I dashed out, full of hope, with hot pink post-its and a stack of folders.
by Jane D.
The dream last night was colorful yet hazy. I dreamt that there was a pile of pretty stones, some prettier than others, and that I was in a classroom of sorts where we were asked to pick the one that we wanted.
I hemmed and hawed about whether to choose the prettiest one or the most practical. Could it be a reflection of the indecisiveness about men—and life in general? Or perhaps a sign that I should stay away from seductive, attractive men without a heart.
On a brilliant Sunday, I found myself dashing between two dates with two men. I had set a date with the swimmer guy and, before that, had set a date with the jerk-jock. The swimmer guy and I had a rich conversation post-workout. Time and conversation flowed, and I felt oddly attracted to his oddities. But, I lost track of time and realized, "Uh oh," it was close to 3 p.m., when I was supposed to meet and greet man #2. I called and made up an excuse and said I was sick.
If fact I really do feel sick. Sick of not knowing what I want, of not knowing when to continue trying and when to call it quits… like with this ultra-passive, no-backbone of a pseudo boyfriend I have (yes, there are actually three men and I am juggling them like oranges).
The problem with the phone chat with man #2 was I said I still wanted to see him, and he said he would come over. I replied I needed to take a shower, pick up laundry, can we do it at X time and he said, “Hey, I'm coming over to see you” in a kind of bossy way. He's macho, pushy, and reminds me of a traditional Korean man, despite his choir school boy look. Looks, as I've discovered now, say nothing about a person's core.
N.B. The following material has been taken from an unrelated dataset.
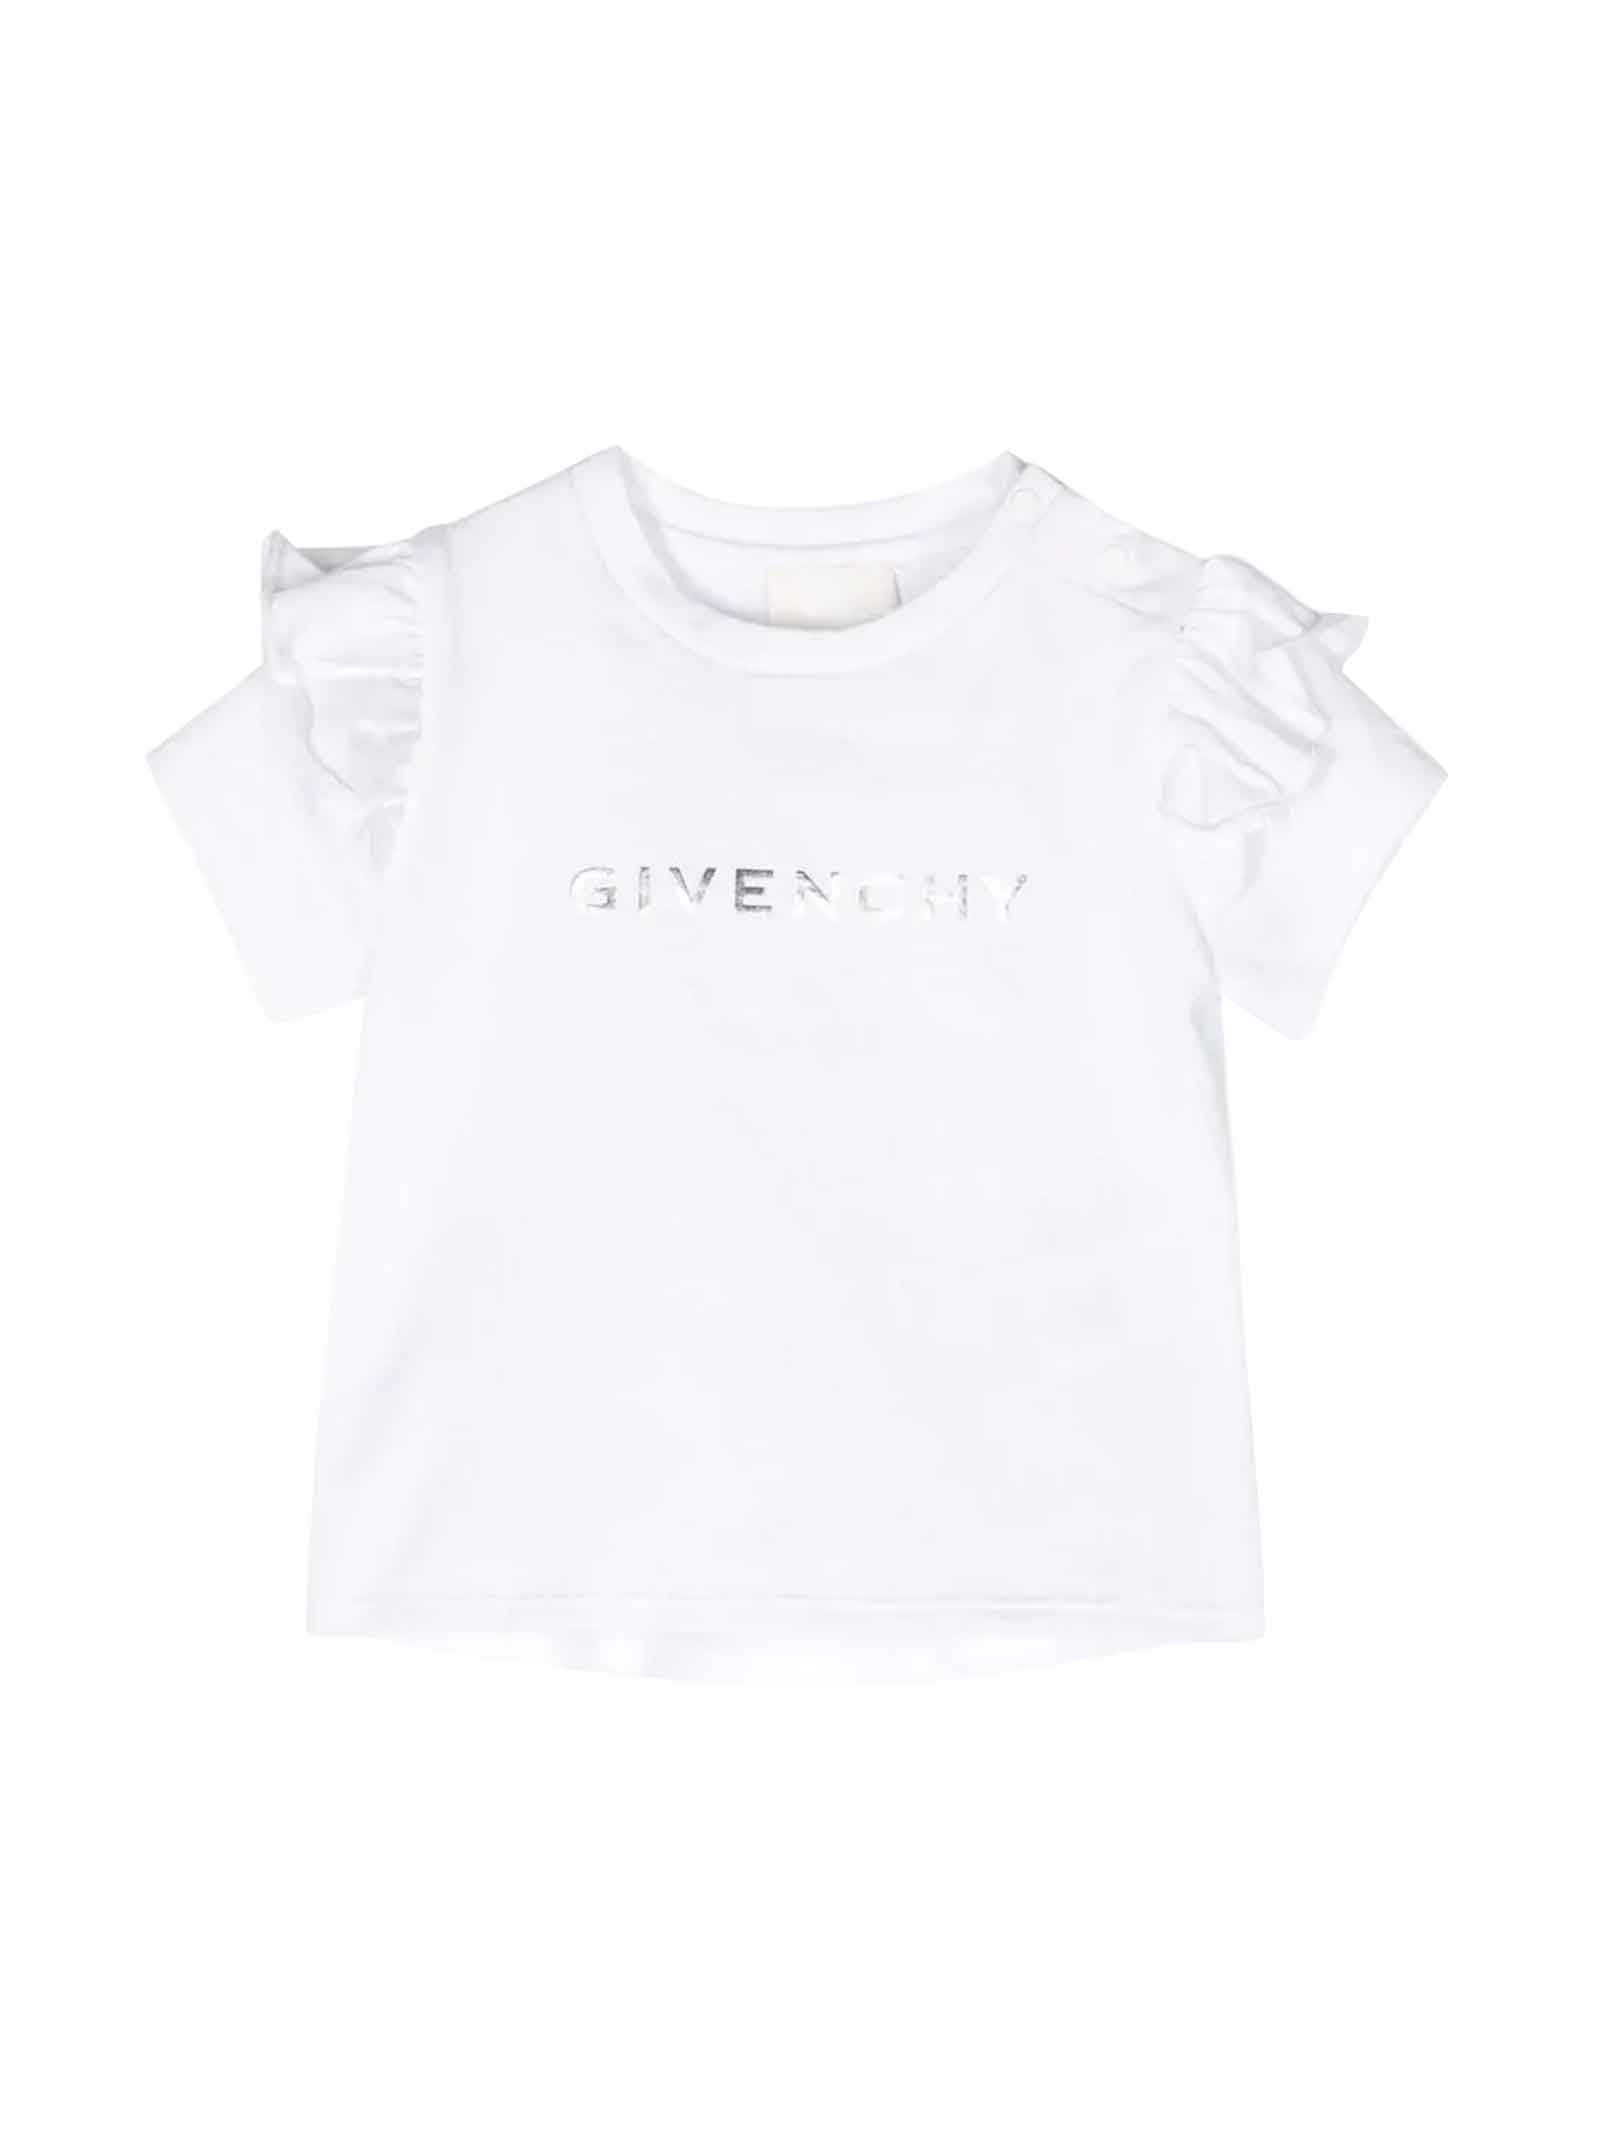 GIVENCHY WHITE T-SHIRT BABY GIRL

I found myself jumping on a ferry and mad dashing in a taxi back to the apartment where I tore off my clothes, leapt into the pajamas, and feigned ill. I feel like I am living a double life, a very disorganized double existence. I am starting to forget who these men are, and who I am. I feel myself slipping and slipping, and feeling like I had too much on the plate and the plate was cracking.
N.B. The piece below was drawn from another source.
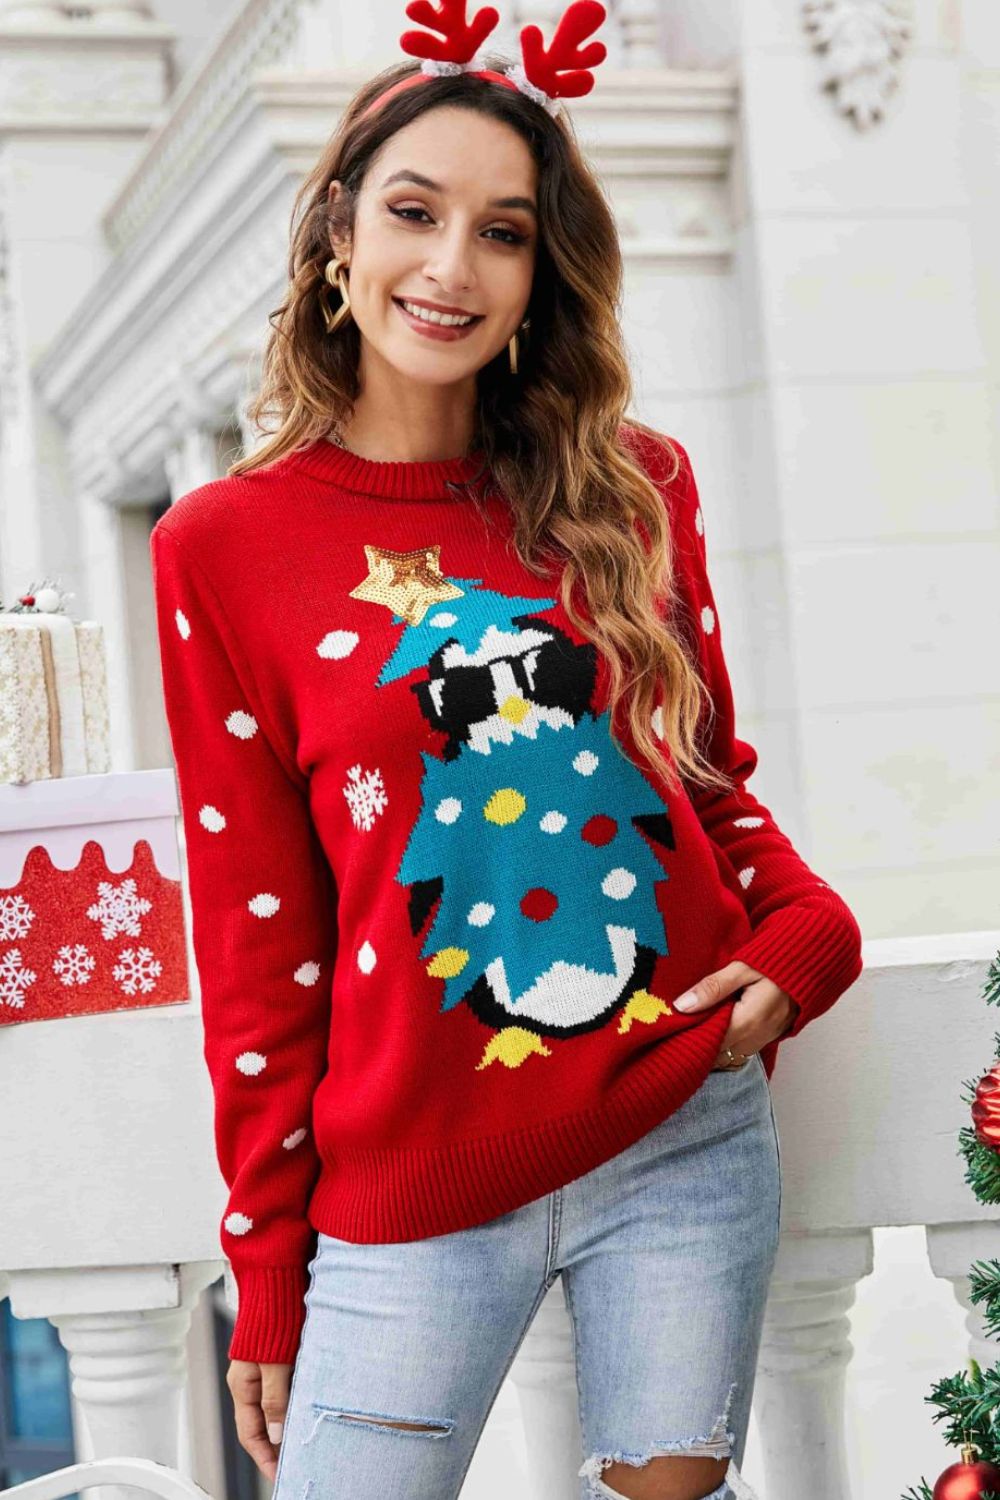 Christmas Penguin Graphic Sequin Sweater is moderate stretch

I talked with the shrink the other day and did the whole verbal diarrhea thing. I said I was going crazy and no longer knew what to think about things. I have too many ideas at once, too many calendars, too many agendas, and always the fear that someone will see through my disability, and fire me or dump me.
She gave me a new idea and said I should try manila folders and post-its. I should write all the tasks for the day on post-its, stick it on one side, and then move it to the other when it's accomplished. It sounded fresh and new—and the thrill of newness permeated me. I get so excited with new ideas; it's like a mental orgasm. I dashed out and bought hot pink post-its and a stack of folders.
The shrink smiled and said every time I left her office, I seemed full of hope. In the end all I have is hope.